Jean-Michel Muller 1, 2 Nicolas Brisebarre 3 Arnaud Tisserand 4
2 ARENAIRE - Computer arithmetic
Inria Grenoble - Rhône-Alpes, LIP - Laboratoire de l'Informatique du Parallélisme
4 ARITH - Arithmétique informatique
LIRMM - Laboratoire d'Informatique de Robotique et de Microélectronique de Montpellier
Abstract : Polynomial approximations are almost always used when implementing functions on a computing system. In most cases, the polynomial that best approximates (for a given distance and in a given interval) a function has coefficients that are not exactly representable with a finite number of bits.

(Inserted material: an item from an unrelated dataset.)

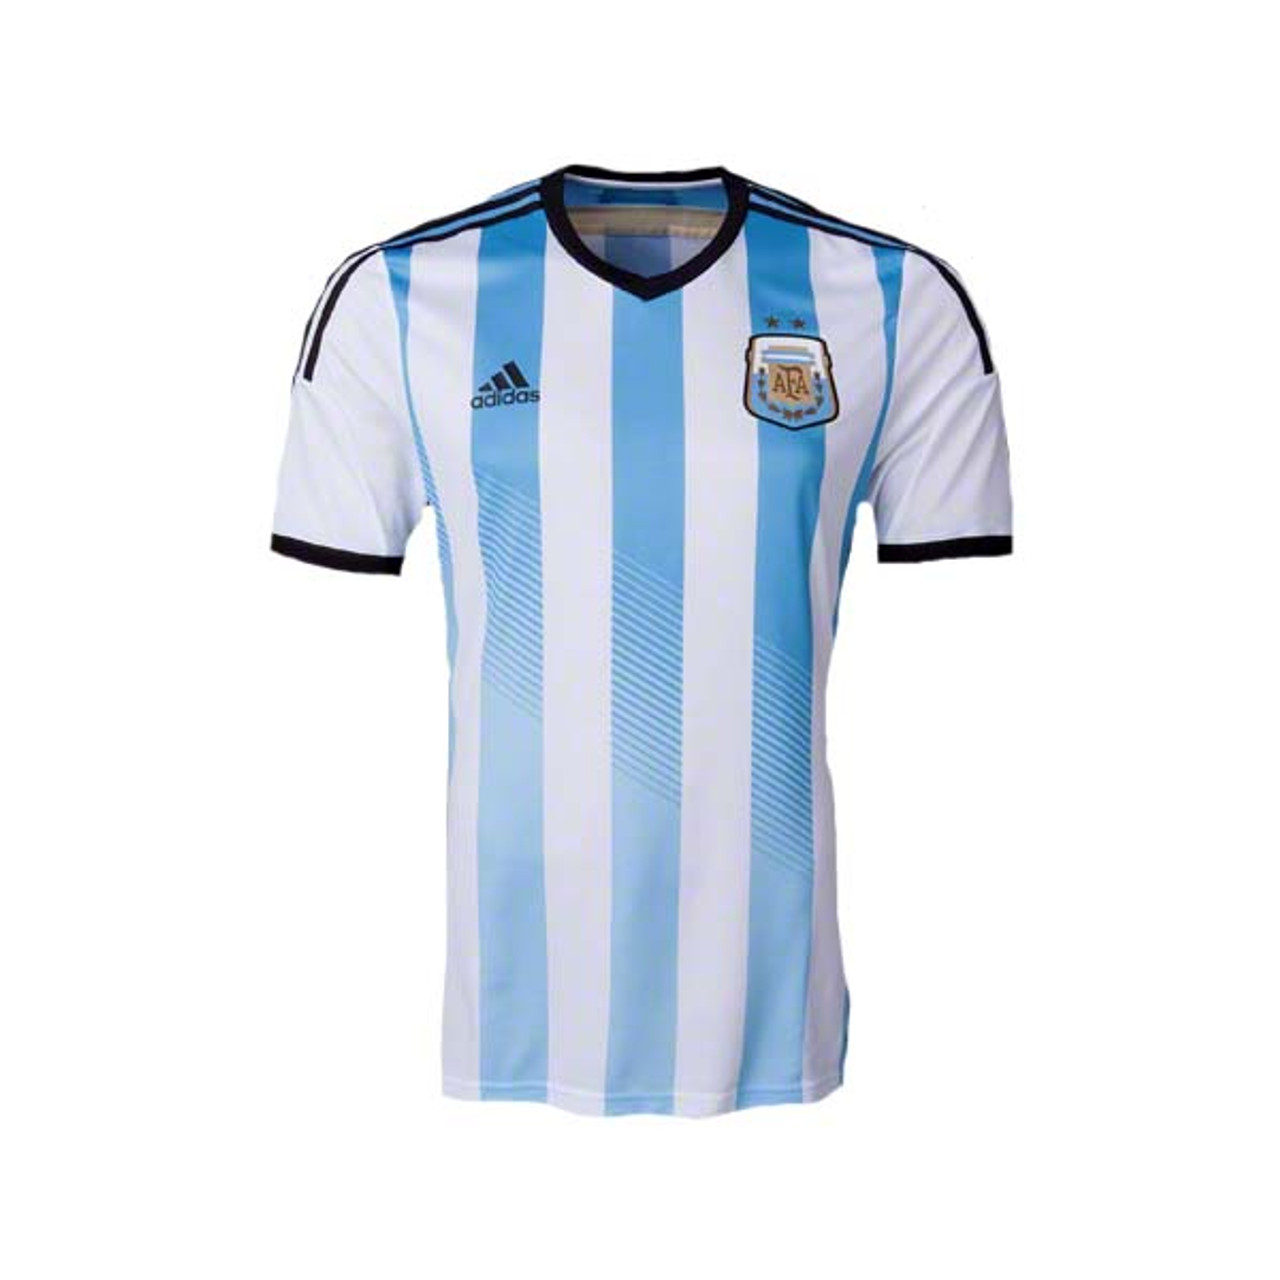 argentina jersey soccer

And yet, the polynomial approximations that are actually implemented do have coefficients that are represented with a finite - and sometimes small - number of bits: this is due to the finiteness of the floating-point representations (for software implementations), and to the need to have small, hence fast and/or inexpensive, multipliers (for hardware implementations). We then have to consider polynomial approximations for which the degree-$i$ coefficient has at most $m_i$ fractional bits: in other words, it is a rational number with denominator $2^{m_i}$. We provide a general and efficient method for finding the best polynomial approximation under this constraint. Moreover, our method also applies if some other constraints (such as requiring some coefficients to be equal to some predefined constants, or minimizing relative error instead of absolute error) are required.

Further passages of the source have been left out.